History of breed

A popular theory of the origin of the Standard Schnauzer is that tradesmen, who traveled the countryside with carts laden with wares in the 14th century, sought and bred in Germany a guard dog of medium size, which would not take up too much room on the cart, yet be strong enough to do the job. To develop this Schnauzer, it is thought the tradesmen crossed the black German Poodle and the gray Wolfspitz with Wife-haired Pinscher stock. It is not known just how many years it took, but at least 50 years passed before the Standard Schnauzer breed was somewhat fixed.
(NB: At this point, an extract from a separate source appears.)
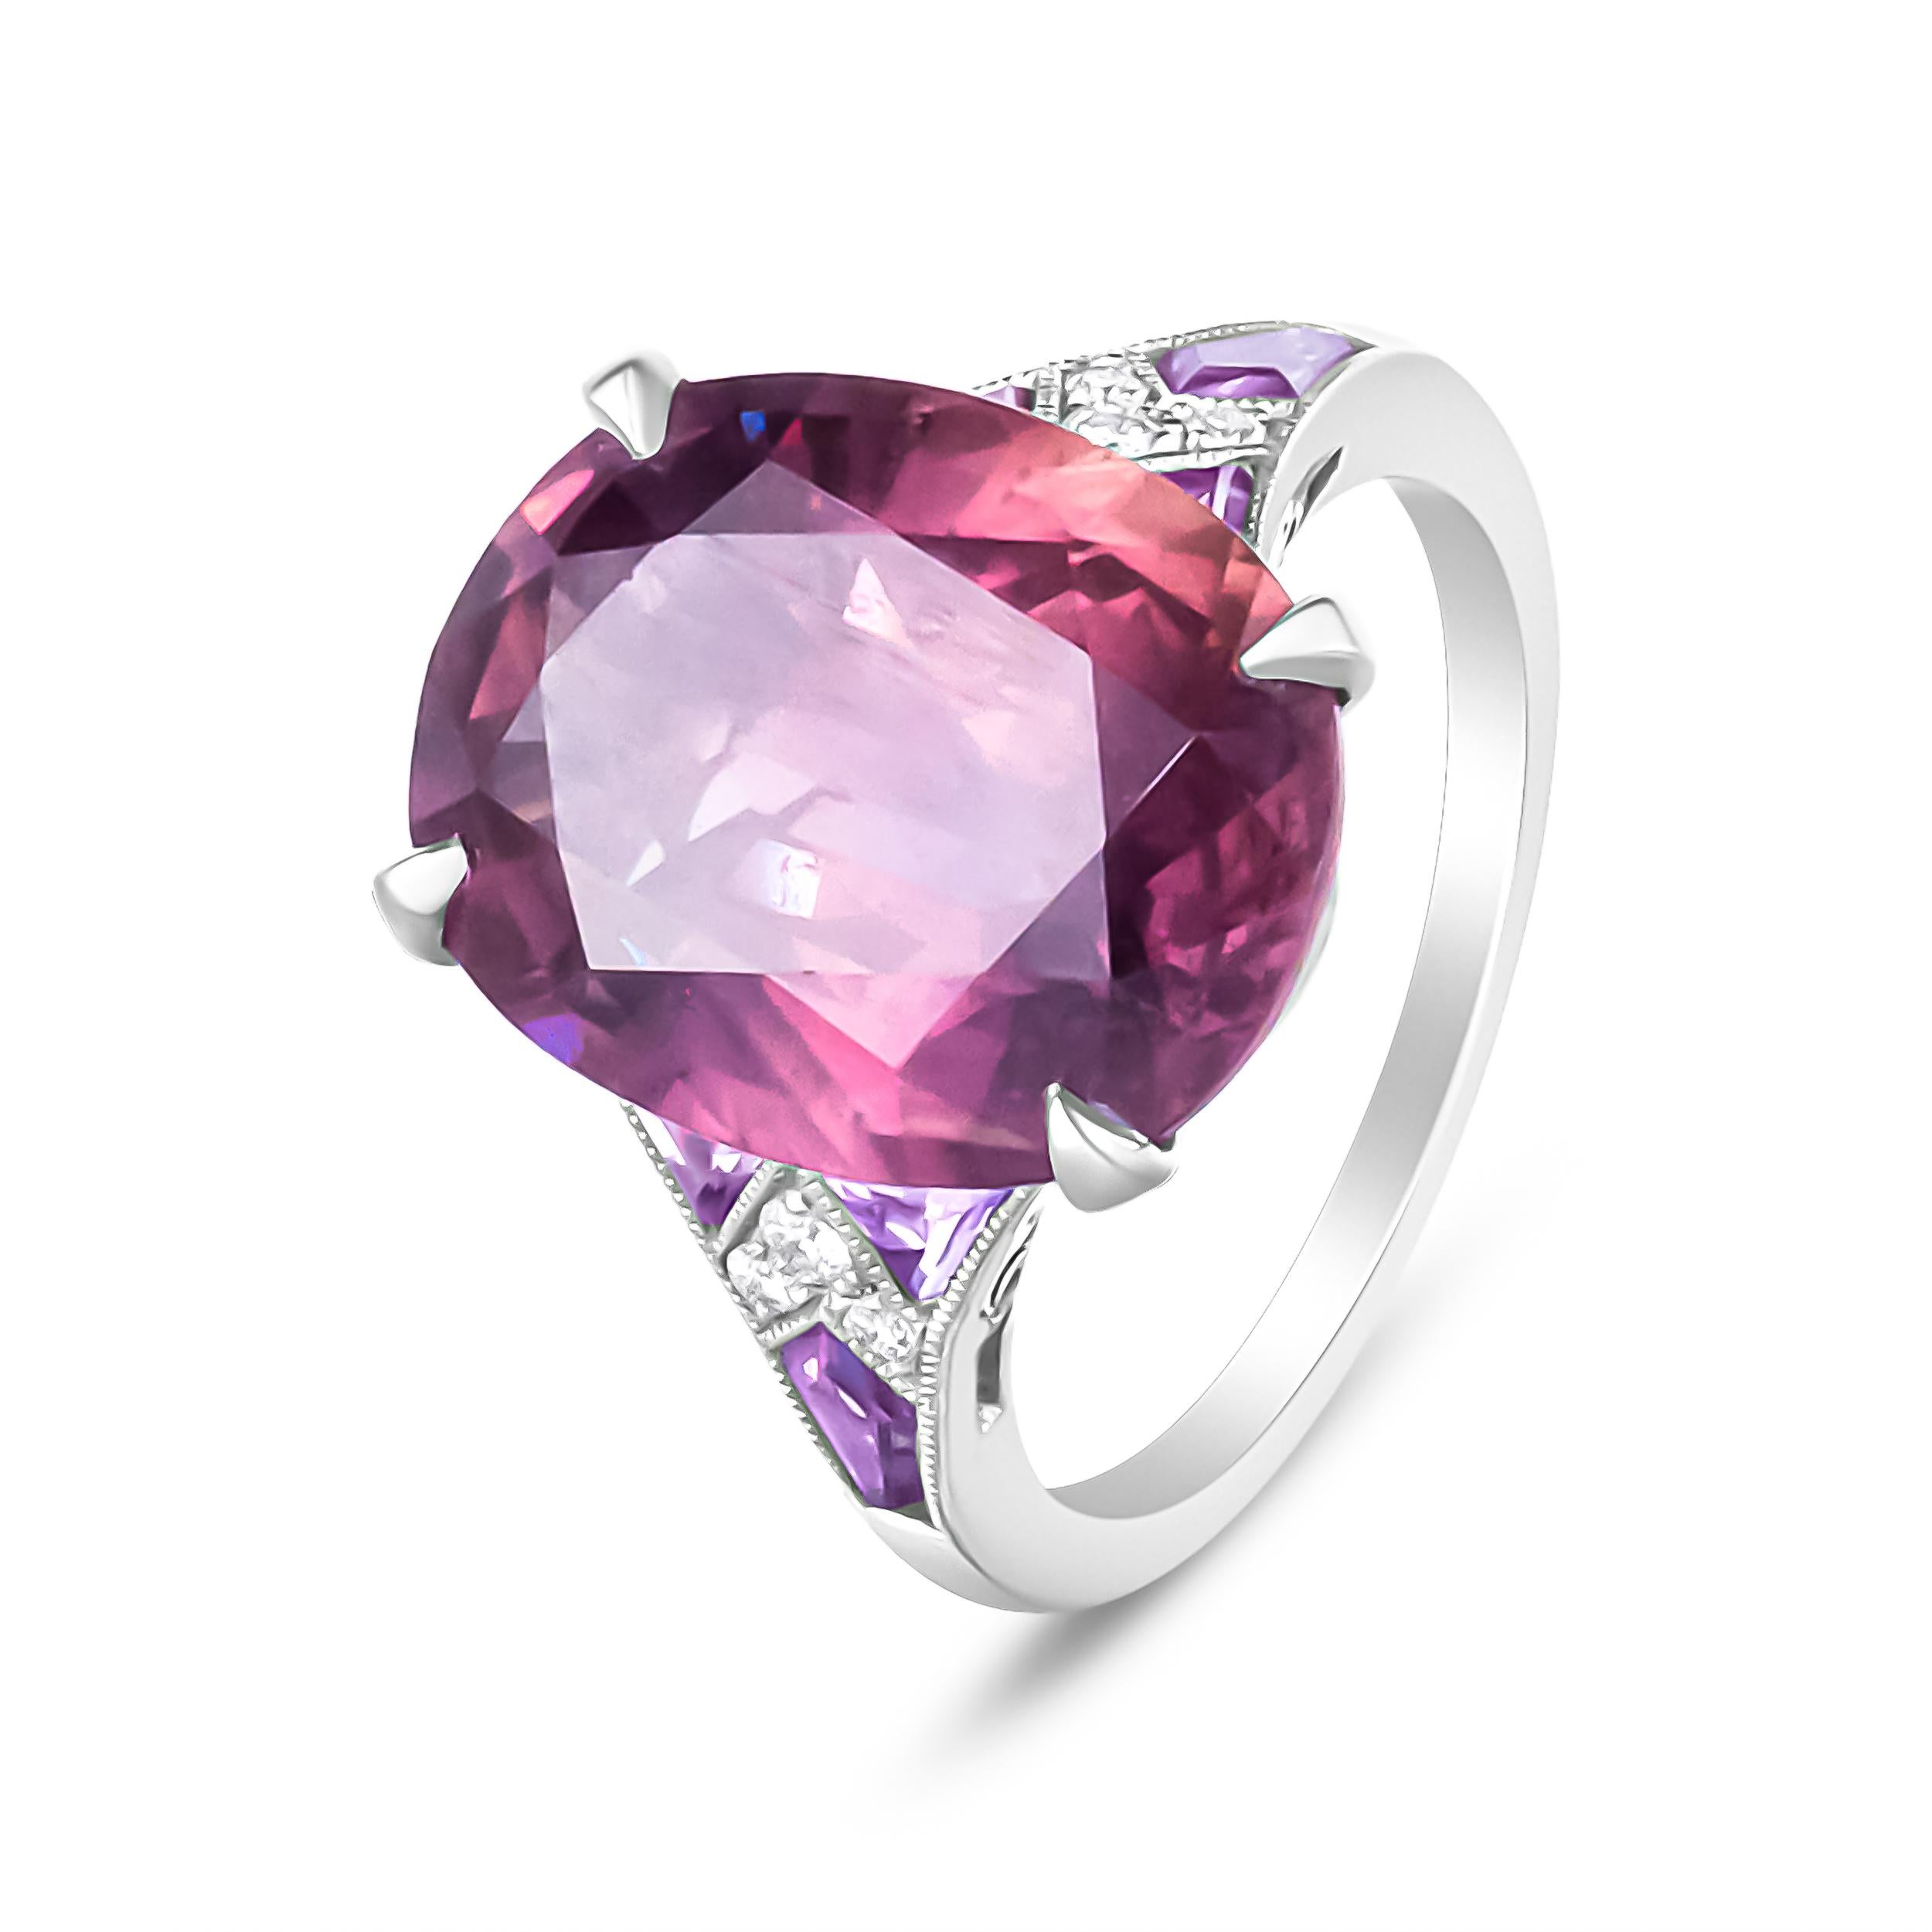 This dynamic cocktail ring featuring the blazing brilliance of a 10 1/2 carat cushion cut purple sapphire in a 4-prong setting, with stunning facets to glorify its sparkling nature. Accent diamonds uplift the glamour of this ring at an approximate

The Standard Schnauzer appears in many paintings from the 15th century and seems to have been in high favor as a household companion.

German farmers used the dogs to guard their wagons of produce while at or on the way to market, as well as to keep the stable, barns, and home free of vermin. They were excellent rat catchers.

Standard Schnauzers were used by both the Red Cross and the German Army in World War I as guard dogs and dispatch carriers. They were popular because of their dependability. They have also been used in police work.

The first Standard Schnauzer was imported to the United States around 1900. The first Standard Schnauzer is said to have been shown at Westminster Kennel Club in 1899. Once a part of the terrier group, the Standard was reclassified to the working group in 1945 where it remains today.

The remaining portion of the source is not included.